(Records for this exercise)

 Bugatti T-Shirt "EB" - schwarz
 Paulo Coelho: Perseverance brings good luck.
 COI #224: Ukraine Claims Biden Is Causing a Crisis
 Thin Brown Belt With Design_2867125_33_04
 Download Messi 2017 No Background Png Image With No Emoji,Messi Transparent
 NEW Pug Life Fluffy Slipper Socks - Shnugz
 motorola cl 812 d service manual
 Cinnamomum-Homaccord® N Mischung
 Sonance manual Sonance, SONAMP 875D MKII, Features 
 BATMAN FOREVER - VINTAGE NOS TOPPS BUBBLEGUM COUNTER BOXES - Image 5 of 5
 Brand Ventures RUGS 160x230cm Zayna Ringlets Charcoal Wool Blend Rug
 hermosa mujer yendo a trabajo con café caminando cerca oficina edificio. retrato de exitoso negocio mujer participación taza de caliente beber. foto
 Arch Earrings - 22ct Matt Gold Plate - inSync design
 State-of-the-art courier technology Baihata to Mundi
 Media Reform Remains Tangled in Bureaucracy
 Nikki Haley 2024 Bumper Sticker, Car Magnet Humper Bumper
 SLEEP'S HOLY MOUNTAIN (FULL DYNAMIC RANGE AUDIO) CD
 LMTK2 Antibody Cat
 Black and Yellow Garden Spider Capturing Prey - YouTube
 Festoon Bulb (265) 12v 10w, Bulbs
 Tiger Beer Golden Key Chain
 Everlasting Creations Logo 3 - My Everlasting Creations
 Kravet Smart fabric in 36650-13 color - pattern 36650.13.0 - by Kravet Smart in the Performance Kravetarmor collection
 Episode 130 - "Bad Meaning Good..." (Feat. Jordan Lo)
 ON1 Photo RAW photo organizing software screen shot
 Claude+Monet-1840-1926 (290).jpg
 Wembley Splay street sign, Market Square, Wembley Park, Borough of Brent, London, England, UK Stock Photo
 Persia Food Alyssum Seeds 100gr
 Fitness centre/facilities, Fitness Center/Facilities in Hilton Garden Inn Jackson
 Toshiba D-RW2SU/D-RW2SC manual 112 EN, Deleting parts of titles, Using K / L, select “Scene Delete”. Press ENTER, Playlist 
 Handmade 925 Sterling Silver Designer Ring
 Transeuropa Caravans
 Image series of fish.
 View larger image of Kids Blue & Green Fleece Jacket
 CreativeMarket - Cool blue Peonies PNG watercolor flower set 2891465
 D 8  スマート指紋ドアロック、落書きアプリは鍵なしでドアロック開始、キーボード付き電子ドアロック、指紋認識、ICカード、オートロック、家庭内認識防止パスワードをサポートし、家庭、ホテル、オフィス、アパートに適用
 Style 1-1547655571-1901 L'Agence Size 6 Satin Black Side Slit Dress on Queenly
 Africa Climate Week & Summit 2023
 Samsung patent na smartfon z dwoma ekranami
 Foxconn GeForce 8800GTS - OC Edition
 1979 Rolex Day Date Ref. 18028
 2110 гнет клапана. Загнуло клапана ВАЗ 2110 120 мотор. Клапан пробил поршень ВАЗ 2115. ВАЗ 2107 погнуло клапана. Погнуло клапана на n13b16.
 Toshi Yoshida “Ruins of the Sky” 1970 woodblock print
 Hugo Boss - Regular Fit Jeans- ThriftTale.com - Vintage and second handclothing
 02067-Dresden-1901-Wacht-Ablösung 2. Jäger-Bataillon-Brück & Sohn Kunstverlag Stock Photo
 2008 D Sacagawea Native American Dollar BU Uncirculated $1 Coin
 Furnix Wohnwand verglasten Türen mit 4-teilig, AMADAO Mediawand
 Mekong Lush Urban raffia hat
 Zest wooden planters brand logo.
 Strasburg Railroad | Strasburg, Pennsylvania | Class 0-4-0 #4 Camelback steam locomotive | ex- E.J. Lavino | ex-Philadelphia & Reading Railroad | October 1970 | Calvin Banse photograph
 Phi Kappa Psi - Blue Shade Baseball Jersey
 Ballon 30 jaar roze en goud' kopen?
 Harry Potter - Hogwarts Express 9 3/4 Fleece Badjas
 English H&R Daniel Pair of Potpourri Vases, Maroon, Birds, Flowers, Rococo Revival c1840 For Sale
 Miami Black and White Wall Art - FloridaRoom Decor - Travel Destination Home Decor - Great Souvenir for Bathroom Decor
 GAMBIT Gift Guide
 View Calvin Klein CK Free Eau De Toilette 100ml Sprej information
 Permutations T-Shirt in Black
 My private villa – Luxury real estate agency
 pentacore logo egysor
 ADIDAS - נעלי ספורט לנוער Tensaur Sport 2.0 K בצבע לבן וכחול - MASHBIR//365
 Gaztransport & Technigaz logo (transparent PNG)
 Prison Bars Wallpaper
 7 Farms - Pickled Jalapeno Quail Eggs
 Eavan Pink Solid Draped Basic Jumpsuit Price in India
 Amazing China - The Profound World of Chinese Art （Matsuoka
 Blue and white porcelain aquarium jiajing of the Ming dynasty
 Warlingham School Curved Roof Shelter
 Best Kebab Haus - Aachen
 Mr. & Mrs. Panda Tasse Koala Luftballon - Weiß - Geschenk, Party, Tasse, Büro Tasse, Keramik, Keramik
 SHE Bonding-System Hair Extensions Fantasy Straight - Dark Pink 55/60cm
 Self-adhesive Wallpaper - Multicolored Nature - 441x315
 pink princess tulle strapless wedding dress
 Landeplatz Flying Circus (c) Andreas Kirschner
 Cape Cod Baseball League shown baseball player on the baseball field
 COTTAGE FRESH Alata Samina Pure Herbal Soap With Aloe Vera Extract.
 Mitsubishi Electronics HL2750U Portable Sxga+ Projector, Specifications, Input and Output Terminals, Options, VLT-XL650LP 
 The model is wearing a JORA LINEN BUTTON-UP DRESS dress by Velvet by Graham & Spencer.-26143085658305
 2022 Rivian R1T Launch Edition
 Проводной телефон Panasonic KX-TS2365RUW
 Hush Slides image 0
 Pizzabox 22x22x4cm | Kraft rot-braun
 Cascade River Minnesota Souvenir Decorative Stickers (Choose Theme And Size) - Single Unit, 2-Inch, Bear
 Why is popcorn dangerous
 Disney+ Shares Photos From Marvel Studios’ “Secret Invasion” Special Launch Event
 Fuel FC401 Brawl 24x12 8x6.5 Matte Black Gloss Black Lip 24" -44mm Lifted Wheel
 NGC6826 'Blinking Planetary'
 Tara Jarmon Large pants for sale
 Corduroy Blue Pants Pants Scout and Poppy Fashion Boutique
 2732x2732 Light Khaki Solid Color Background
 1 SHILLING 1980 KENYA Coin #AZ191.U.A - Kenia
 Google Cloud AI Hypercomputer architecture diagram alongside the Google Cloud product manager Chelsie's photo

(End Records for this exercise)

▸ The problem
Using the entries above, give again exactly the lines from the line holding "Image series of fish." through the line holding "2008 D Sacagawea". Include both end lines and nothing else.

▸ Expected answer
 Image series of fish.
 View larger image of Kids Blue & Green Fleece Jacket
 CreativeMarket - Cool blue Peonies PNG watercolor flower set 2891465
 D 8  スマート指紋ドアロック、落書きアプリは鍵なしでドアロック開始、キーボード付き電子ドアロック、指紋認識、ICカード、オートロック、家庭内認識防止パスワードをサポートし、家庭、ホテル、オフィス、アパートに適用
 Style 1-1547655571-1901 L'Agence Size 6 Satin Black Side Slit Dress on Queenly
 Africa Climate Week & Summit 2023
 Samsung patent na smartfon z dwoma ekranami
 Foxconn GeForce 8800GTS - OC Edition
 1979 Rolex Day Date Ref. 18028
 2110 гнет клапана. Загнуло клапана ВАЗ 2110 120 мотор. Клапан пробил поршень ВАЗ 2115. ВАЗ 2107 погнуло клапана. Погнуло клапана на n13b16.
 Toshi Yoshida “Ruins of the Sky” 1970 woodblock print
 Hugo Boss - Regular Fit Jeans- ThriftTale.com - Vintage and second handclothing
 02067-Dresden-1901-Wacht-Ablösung 2. Jäger-Bataillon-Brück & Sohn Kunstverlag Stock Photo
 2008 D Sacagawea Native American Dollar BU Uncirculated $1 Coin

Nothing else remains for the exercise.